Of course, if you look deeper into it, and do larger scale experiments, you figure out that the soap only assumes a local minimum.
O, definitely woo. I tried to make that explicitly clear by using “hypothesis” and “appearance”.
My hypothesis is less “optimization solutions == consciousness” and more positing that our brains, “action potentials” was meant as cheeky shorthand for the human brain, use an “optimization solution” that we identify as “consciousness”, or as you put it “sentience”.
But to quote South Park, “and I base that on absolutely nothing”. ;P
I feel like there should be a much stronger effort to solve optimization problems with ML enabled guesses. It's arguably the most important problem to be solving to improve ML itself.
Humans, for example, can provide extremely strong guesses by just eyeballing travelling salesmen problems without doing any calculations. If we could use ML to take a problem and guess how to reformulate it with 95% of the search space cut out, we would be in a much stronger place. My gut says this should be theoretically possible and is probably the mechanism that under the hood biological learning systems use to such a great effect that its ok to just use greedy and less efficient methods to do last mile of optimization without something like backprop.

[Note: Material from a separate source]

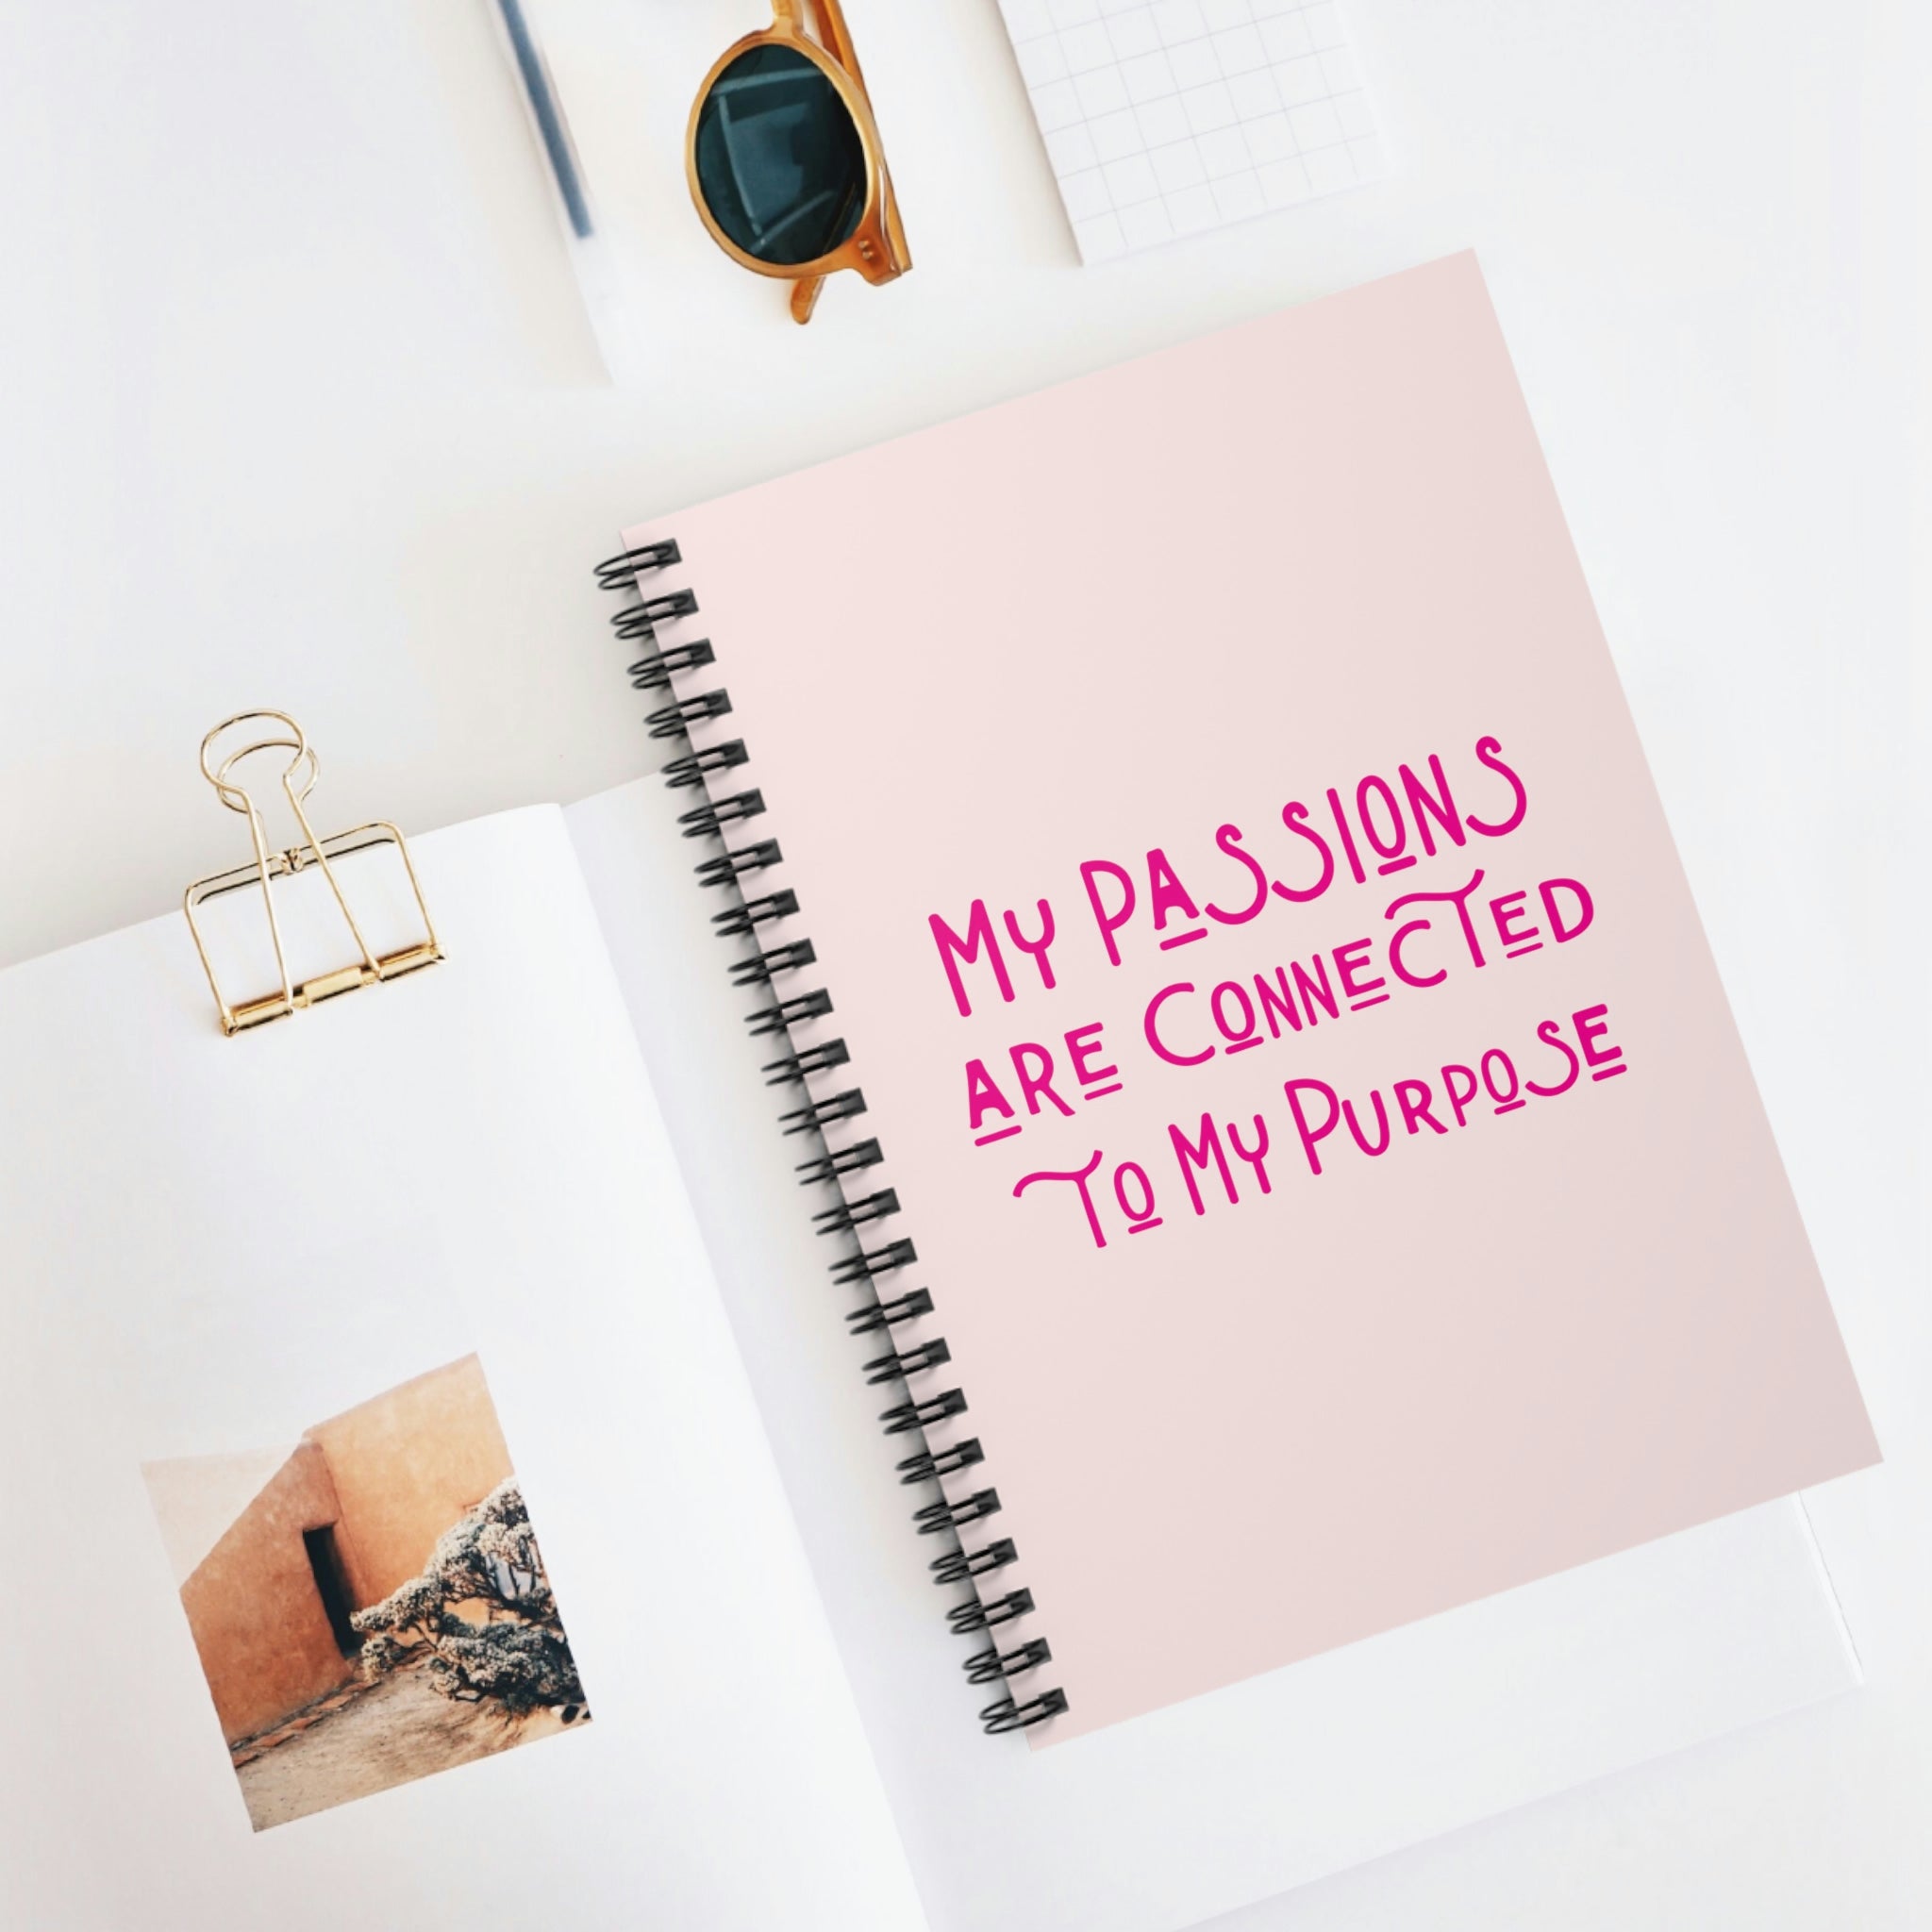 My Passions Are Connected To My Purpose Spiral Notebook

Human can mostly only do these kinds of guesses for traveling salesmen problems embedded in 2d Euclidean space. But we have pretty good heuristics for these cases to kickstart a solver, too. Give a human a general graph with arbitrary edge weights, and they'll be dumbfounded.
(I don't think you even have to go all the way to an arbitrary graph, I suspect a decent sized graph with edge lengths embedded in 3d euclidean space will already confuse humans. Definitely once you get to 4d.)
My point is not that we should mimic humans. My point is that there's probably learnable but inexplicable heuristics you could learn for generally solving gradient descent problems just by the formulations on their own that a neural net would be good at.
> As a working hypothesis, protein folding assumes that a protein folds into the globally lowest energy configuration. [...] If there's a region in configuration space with a local minimum and high enough energy 'walls', this might be stable enough for the protein to be stable.
The working hypothesis you described was considered fairly obsolete some time ago. The current model is much more "most proteins fold to kinetically accessible states". The assumption of global lowest energy led to a lot of wasted effort and misled computer scientists. But along the way to this understanding we learned an awful lot about the forces that affect folding- see for example "hydrophobic collapse".
As a working hypothesis, protein folding assumes that a protein folds into the globally lowest energy configuration. And that's a good assumption for a start.
However, nature isn't magic and can't magically solve global optimisation problems. If there's a region in configuration space with a local minimum and high enough energy 'walls', this might be stable enough for the protein to be stable.
For reasons of computational complexity, I agree that machine learning will probably never solve the global minimisation problem. But the complicated and messy local optimisation problem that we see in reality might very well be solvable eventually by something like machine learning.
Why are you dubious? Where do your objections come from?